И я ничего не сказал, предпочитая иметь снова полную семью и домашний покой. Потом она опять ушла из дома, поступила на работу в одну газету и стала жить у подруги. Потом сошлась с одним типом или вышла за него замуж, потом с другим и теперь уже с третьим, и от каждого у нее по ребенку. Но детей она не бросает, наша дочь достойно себя ведет. Этот третий опять наградил ее ребенком. После того как ты умерла, она устроила сцену Камиле, чтобы переселиться в наш дом, а меня отдать в приют для престарелых. Жизнь имеет свои резоны, нашему уму непостижимые, и все же я стараюсь постичь их. А что до истории с Камилой, то я как-нибудь тебе расскажу, при случае. Мне вспоминается, как мы жили в Сан-Педро-де-Алкантара. Из окон открывался вид на сад, на Грасу, на залитый солнцем замок и на противоположный берег реки, манившей в дальние края. Но как это обычно бывает, все виды, даже самые красивые, очень скоро приедаются. Слышимость в доме была невероятная, это я помню хорошо. Мы обрели целую коллекцию домашних шумов и среди них — интимные. Откуда шли некоторые шумы — сверху или снизу — трудно было понять, потому что и сверху, и снизу они были одинаковыми. И были шумы, свойственные данному часу и определенным дням. И плач детей, который никогда не придерживается расписания. А по субботам особенно. Рядом жила молодая семья, у них было двое детей. Так вот, мать и отец, когда дети засыпали, закрывали их на ключ и уходили. Проснувшись без родителей, дети разражались плачем. Какой плач! Единственным нашим желанием было, чтобы они замолчали, на какое-то время они замолкали — наступала короткая передышка, а потом уже свое неудовольствие дети доводили до сведения всего дома. Я слушал, приходилось слушать. Но были и другие вполне отчетливые шумы.
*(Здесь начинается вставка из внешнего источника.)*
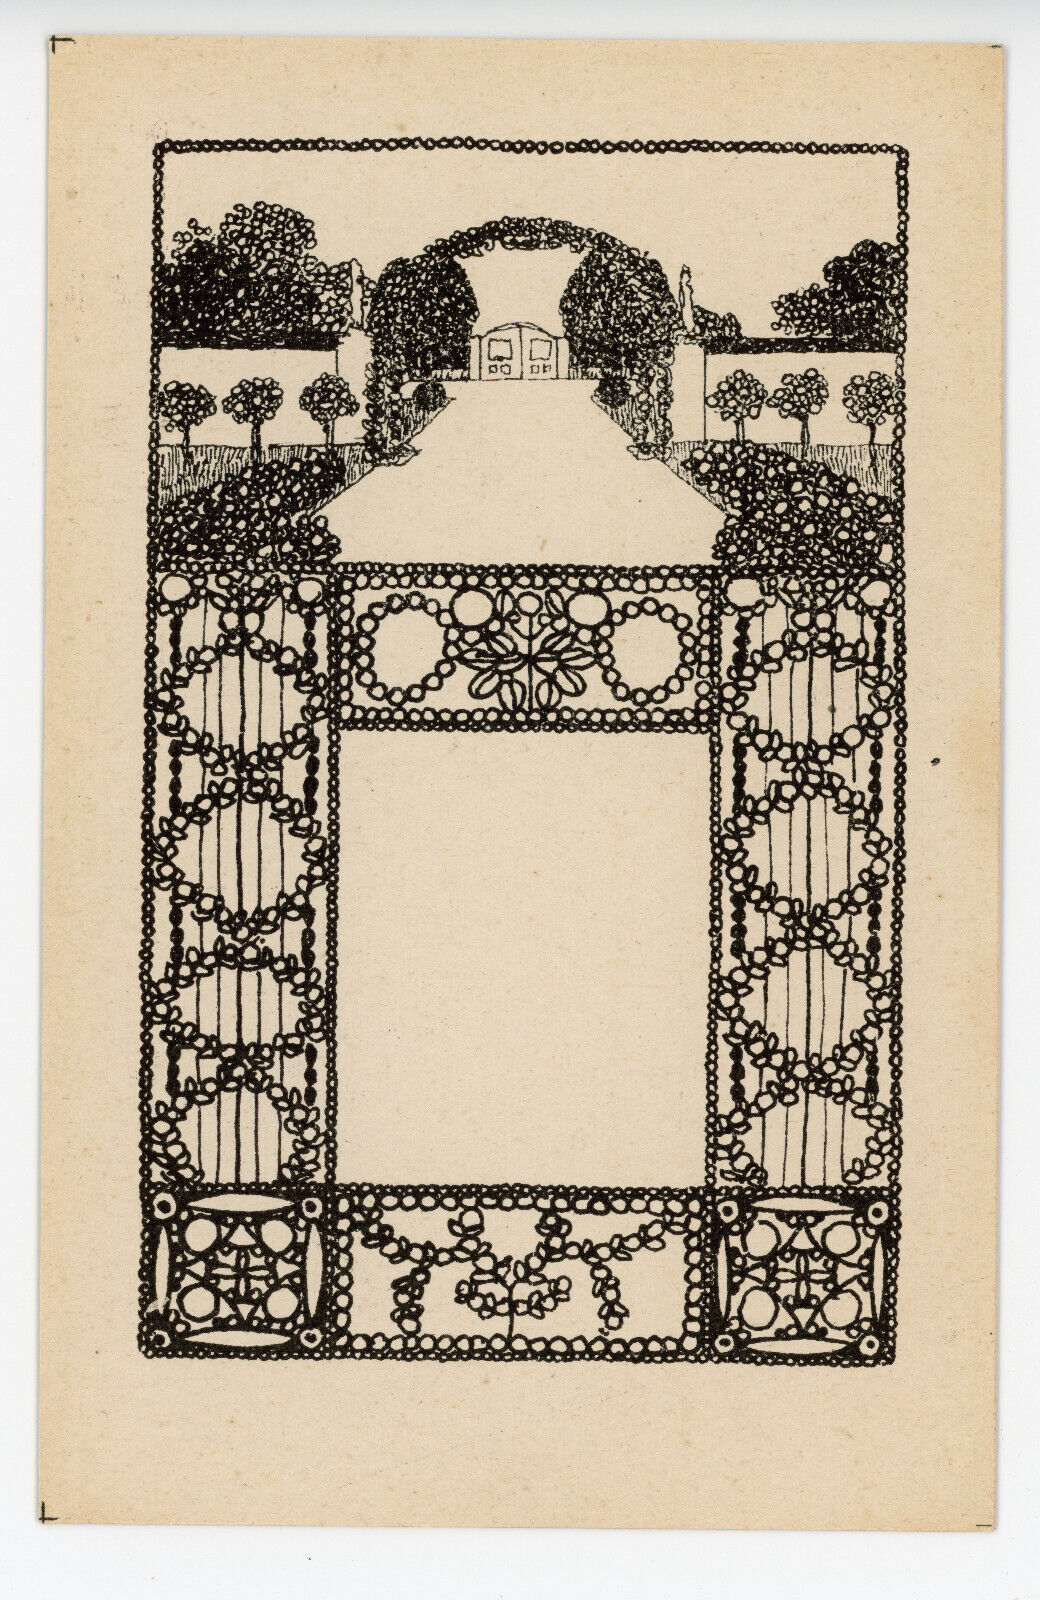 Wiener Werkstatte Postcard No. 12, Franz Lebisch?, Jewelry card with garden 1910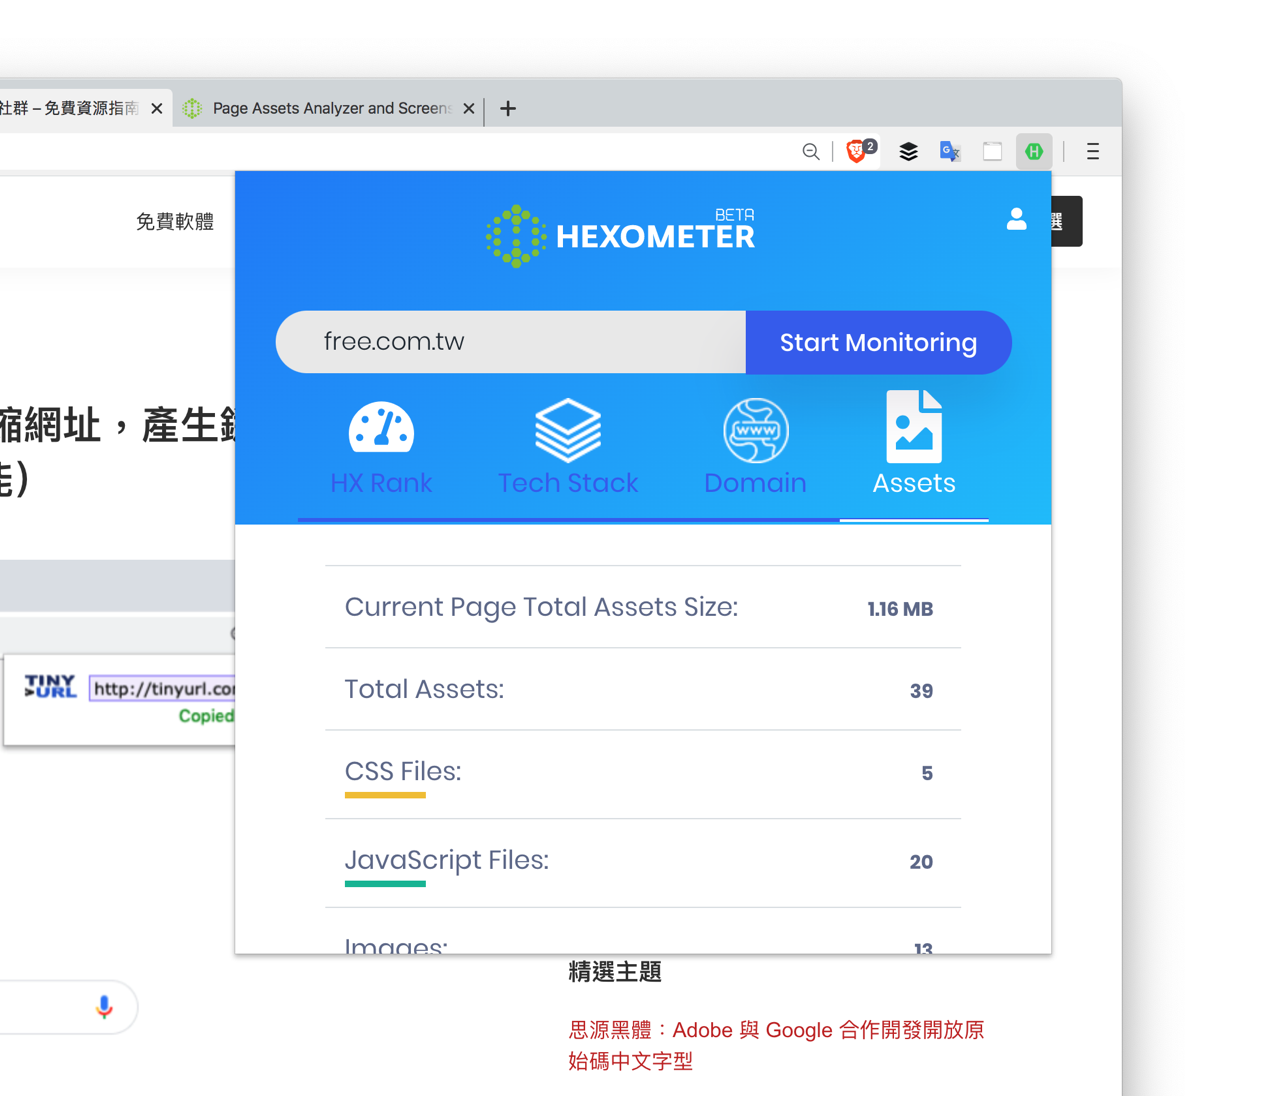 Hexometer Website Analyzer

— Уж эти новые дома! — говорила ты. — Хозяева думают только о прибыли. Им сложно сделать изоляцию.
Любовные шумы, к примеру, были наиболее характерны для субботнего отдыха, но вполне доступны уху и в любую ночь недели. Семья, жившая над нами, старалась изо всех сил. Поэтому, когда приходила наша очередь:
— Не шуми!
Это ты мне шептала в ухо. А чуть позже, дорогая, ты уже говорила в полный голос, отбросив осторожность и забыв про свой совет. И еще был один шум. Несколько дней я смотрел на часы: ровно в семь утра. Какая точность. Внутри нас, не знаю, известно ли тебе, существуют биологические часы. Да, да. Они отмеряют время жизни, космическое время, они в каждом живом существе. Часы для порядка во вселенной. Так вот, ровно в семь. Иногда я еще дремал, но тут же просыпался и слышал. Это было низвержение потока воды мощной струей. И я говорил:
— Корова.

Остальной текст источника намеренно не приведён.